Wei Lan masih terdiam. Dia sedang mencoba mencerna kejadian beberapa waktu lalu. Apa ada dengan si bodoh ini? Kenapa sekarang dia jadi berani?. Segera dia memerintahkan pelayanan yang berada disebelahnya untuk memanggil Zhoe mama setelah sadar dari keterkejutannya. Wei Lan sangatlah marah tapi dia tidak berani memprovokasi Ye Mufeng lagi.

Melihat Ye Mufeng yang mendekat, laki-laki yang sebelumnya mencambuki Jiao tersebut secara cepat mundur dengan ketakutan. Seakan-akan melihat malaikat maut yang akan menjemput ajalnya.

Pandangan Jiao terpaku pada nonanya. Dia sekarang yakin bahwa nonanya telah berubah. Nona sulung yang Jiao kenal adalah orang yang sombong dan tidak akan mau repot-repot untuk membela pelayan rendahan sepertinya.

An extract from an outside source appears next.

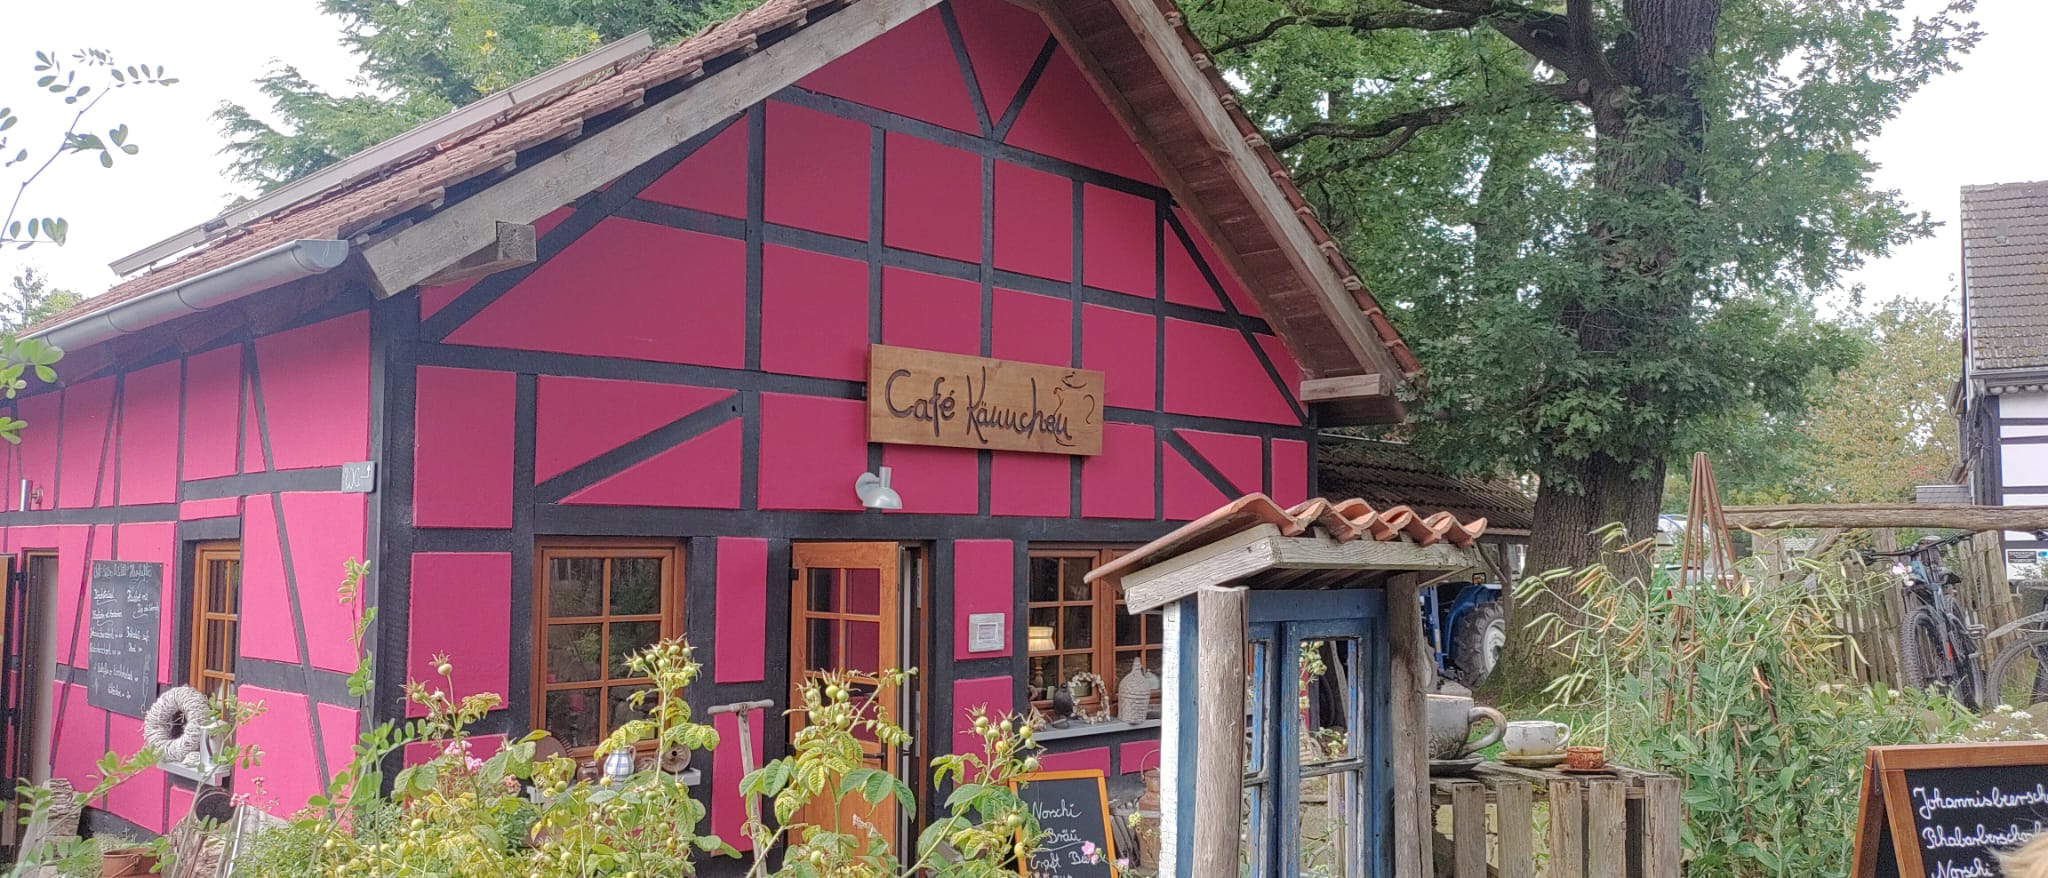 Cafe Kännchen

"Nona". Lirihnya. Air matanya telah mengalir. Dalam hati rasa syukur dia panjatkan. Nonanya telah tumbuh dewasa. Nyonya Jingmi yang melihat dari atas pasti bangga pada nona. Setelah itu, kegelapan menyambut Jiao.

Mata Gu Mufeng menelusuri badan Jiao. Melihat penderitaan yang diterima Jiao, amarah sekali lagi membakar jiwanya. Dia akan mengembalikan seribu kali lipat atas rasa sakit yang dirasakan Jiao pada mereka.